Three: Bucket sorting

(1) The basic idea of barrel sequencing
Suppose there is a set of pending keyword sequences of length n K[1....N]. This sequence is first divided into M-sub-intervals (buckets). Then, based on some kind of mapping function, the keyword K of the pending sequence is mapped into the first bucket (that is, the subscript I of bucket array b), then the keyword K is used as an element in b[i] (each bucket b[i) is a set of n/m series). Then you sort all the elements in each bucket b[i] (you can use a quick row). Then enumerate the output B[0] .... B[M] is an ordered sequence.
If the pending sequence k= {49, 38, 35, 97, 76, 73, 27, 49}. This data is all between 1-100. So we customize 10 buckets and then determine the mapping function f (k) =k/10. The first keyword 49 will be positioned in the 4th bucket (49/10=4). All the keywords are then piled into the bucket in turn and are quickly sorted in each non-empty bucket.
(2) Bucket sorting cost analysis
Bucket sequencing uses the mapping of functions to reduce almost all of the comparison work. In fact, the calculation of the F (k) value of the bucket order is equivalent to the division of the Fast row, and the large amount of data has been divided into the basic ordered data block (bucket). Then only a small amount of data in the bucket can be compared to the advanced sorting.
The time complexity of sorting n keywords into buckets is divided into two parts:
1) Loop calculates the bucket mapping function for each keyword, which is O (N).
2) The time complexity of ∑o (Ni*logni) is used to sort all the data in each bucket using the advanced comparison sorting algorithm. The amount of data in which NI is the first bucket.
It is clear that part (2) is the determinant of the good or bad barrel ordering. Minimizing the amount of data in the bucket is the only way to improve efficiency (because the best average time complexity based on comparison sorting can only reach O (N*logn)). Therefore, we need to try to do the following two points:
1) The Mapping function f (k) is able to evenly distribute N data into M-buckets, so that each bucket has [n/m] data volume.
2) as much as possible to increase the number of barrels. In extreme cases, each bucket can only get one data, which completely avoids the "compare" sort operation of the data in the bucket. Of course, it is not easy to do this, the large amount of data, the F (k) function will make the bucket collection of large quantities, space waste serious. This is a tradeoff between the time cost and the space cost.
For N rows of data, M buckets, the average time complexity of the bucket ordering per bucket [n/m] data is:
O (N) +o (m* (n/m) *log (n/m)) =o (n+n* (LOGN-LOGM)) =o (N+N*LOGN-N*LOGM)
When N=m is the case, there is only one data per bucket at the limit.
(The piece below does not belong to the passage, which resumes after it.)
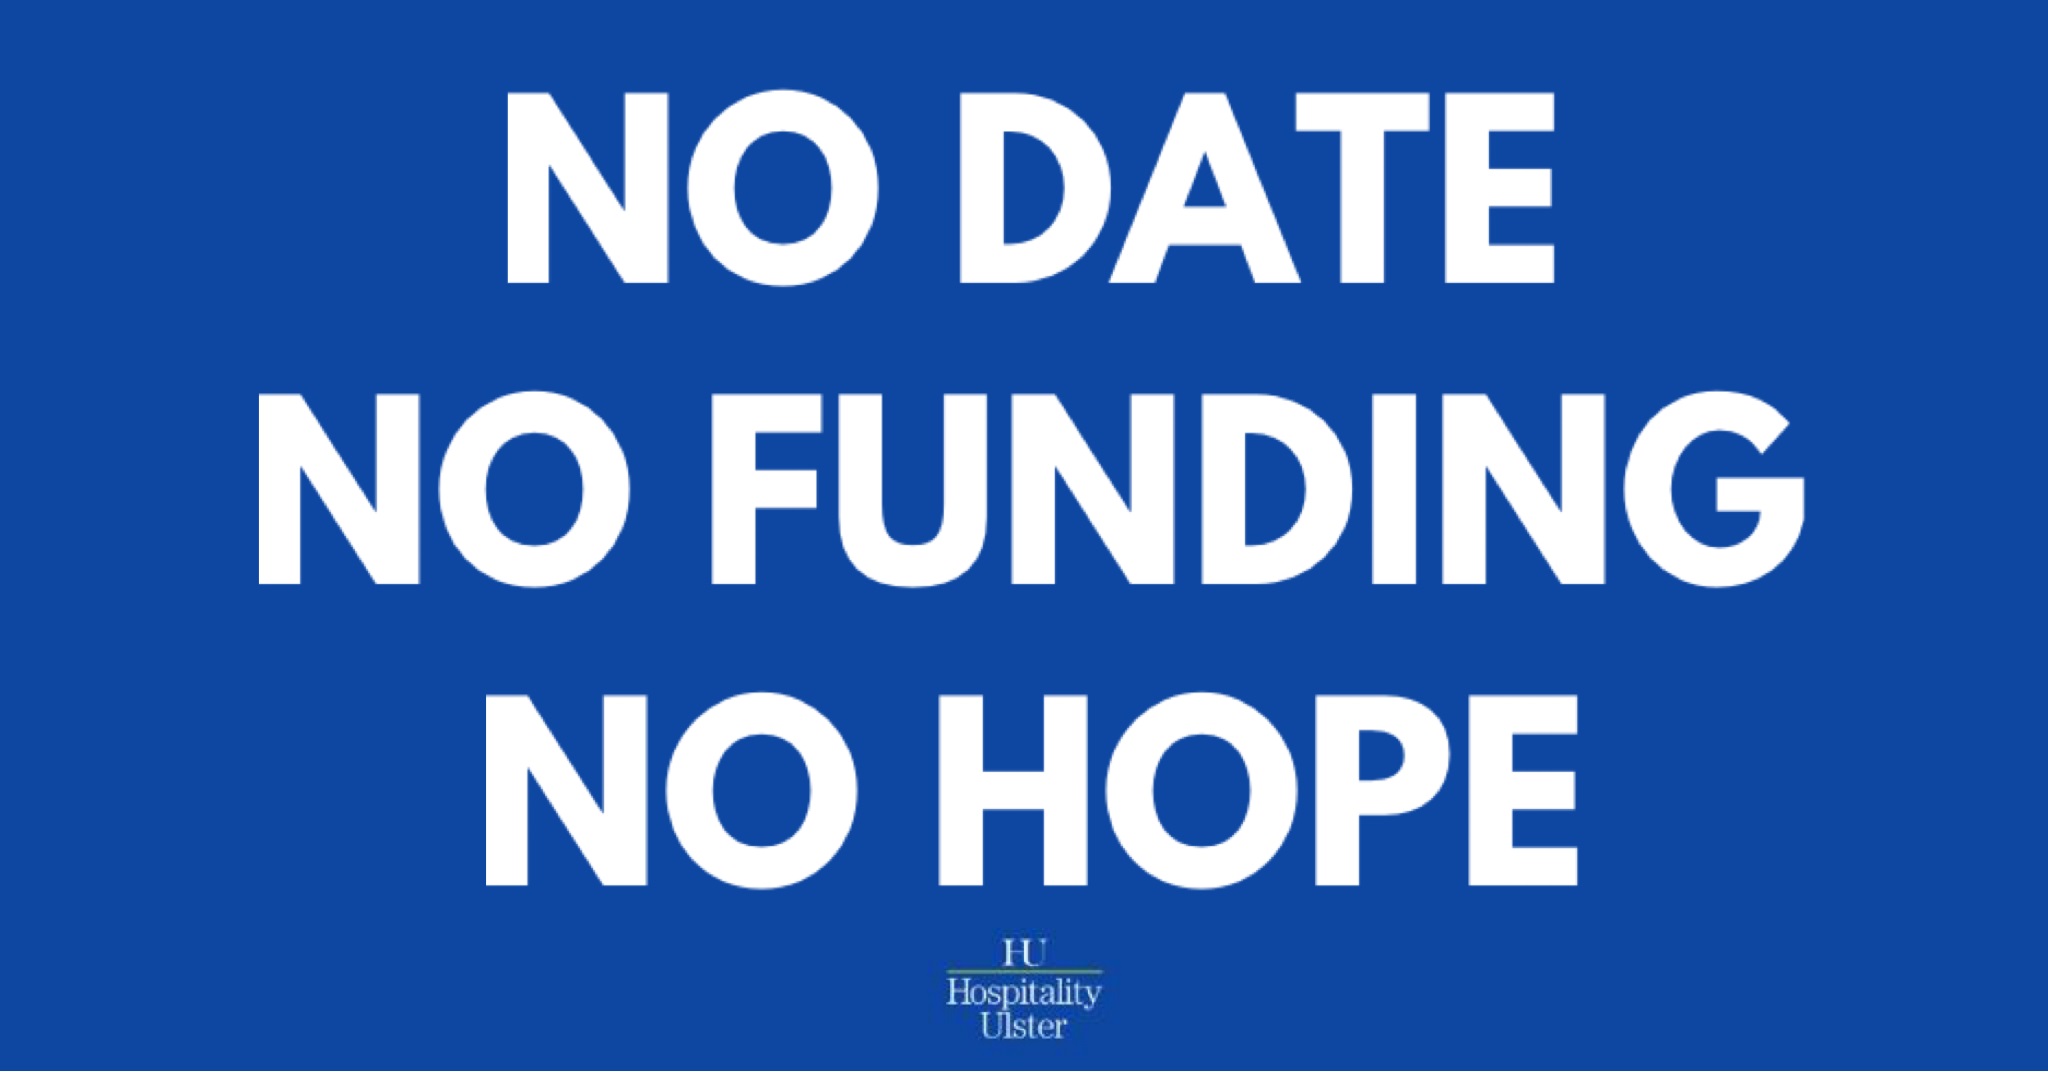 NO DATE - NO FUNDING - NO HOPE

The best efficiency of bucket sequencing can be achieved by O (N).
Summary: The average time complexity for bucket sequencing is linear O (n+c), where c=n* (LOGN-LOGM). If the number of barrels is greater than the same N, the higher the efficiency, the better the time complexity to O (n). Of course, the spatial complexity of the bucket ordering is O (n+m), if the input data is very large, and the number of barrels is also very high, then the space cost is undoubtedly expensive. In addition, the bucket sort is stable.
I personally have a feeling: in the search algorithm, the best time complexity of the comparison-based lookup algorithm is also O (Logn). such as binary search, balance binary tree, red and black trees. But the hash table has an O (C) linear level of lookup efficiency (in the case of non-conflict, the search efficiency reaches O (1)). We have a good experience: the idea of the hash table and the barrel sort is there a wonderful work?
Reference from: http://blog.csdn.net/quietwave/article/details/8008572 http://www.cnblogs.com/hxsyl/p/3214379.html

(3) Code

#include <ctime> #include <iostream> #include <cstdlib> #include <cstring> #include <cmath >using namespace Std;const int num_range = 100;const int rate = 10; binary struct node{int data;struct Node *next;};/ /Output the arrvoid print_arr (const int *arr,const int &n) {int i;for (i=0; i<n; i++) {if (!i) {cout << arr[i];} Else{cout << "<< arr[i";}} printf ("\ n");} void Destory (Node arr[]) {;} Sort by counting count void Bucket_sort (int *ini_arr,const int &n) {int i,j; Node *t_node,*cur_node; Node *arr = (node *) malloc (sizeof (node) *n); for (i=0;i!=n;++i) {arr[i].data = -1;arr[i].next = NULL;} Divide the bucket and fill in the element for (i=0;i!=n;++i) {int tmp = (int) floor (INI_ARR[I]/10), if (NULL = = Arr[tmp].next) {//cout << "test" < < Endl;t_node = (node *) malloc (sizeof (node)); t_node->data = Ini_arr[i];t_node->next = Null;arr[tmp].next = T_ node;} else//Insert Sort {if (Arr[tmp].next->data >= ini_arr[i]) {T_node = (node *) malloc (sizeof (node)); T_node->data = Ini_ Arr[i];t_noDe->next = Arr[tmp].next;arr[tmp].next = T_node;} Cur_node = arr[tmp].next;//Cur_node has been compared with the while (Cur_node->next)//starting with Arr[tmp].next {if (cur_node->next-> Data < Ini_arr[i]) {cur_node = Cur_node->next;} Else{t_node = (node *) malloc (sizeof (node)); t_node->data = Ini_arr[i];t_node->next = cur_node->next;cur_node- >next = t_node;break;//inserted}}//while to tail if (NULL = = cur_node->next) {T_node = (node *) malloc (sizeof (node)); t_node- >data = Ini_arr[i];t_node->next = Null;cur_node->next = T_node;}} End else}//End for//sorted result for (i=0;i!=n;++i) {int J = 0;cur_node = arr[i].next;//starting from Arr[tmp].next while (Cur_node)//from a Rr[tmp].next start {ini_arr[j++] = Cur_node->data;cur_node = Cur_node->next;} to the tail}destory (arr);} int main (int argc, char *argv[]) {int n;if (ARGC < 2) {n = 10;} Else{n = Atoi (argv[1]);} int I;int *arr = (int *) malloc (sizeof (int) *n), Srand (Time (0)), for (i=0; i<n; i++) {Arr[i] = rand ()% Num_range;} printf ("Ini_array:");p Rint_arr (arr, n); Bucket_sort (ARR, N);p rintf ("Sorted_array:");p Rint_arr (arr, n); free (arr); return 0;}

Four: Sketch Analysis

(1) Base order

Five: US-wen sharing

Preface

Today found to learn a lot of things ah, I learned slowly, almost no confidence. Turn an article, inspire oneself, the important is to master the good study method.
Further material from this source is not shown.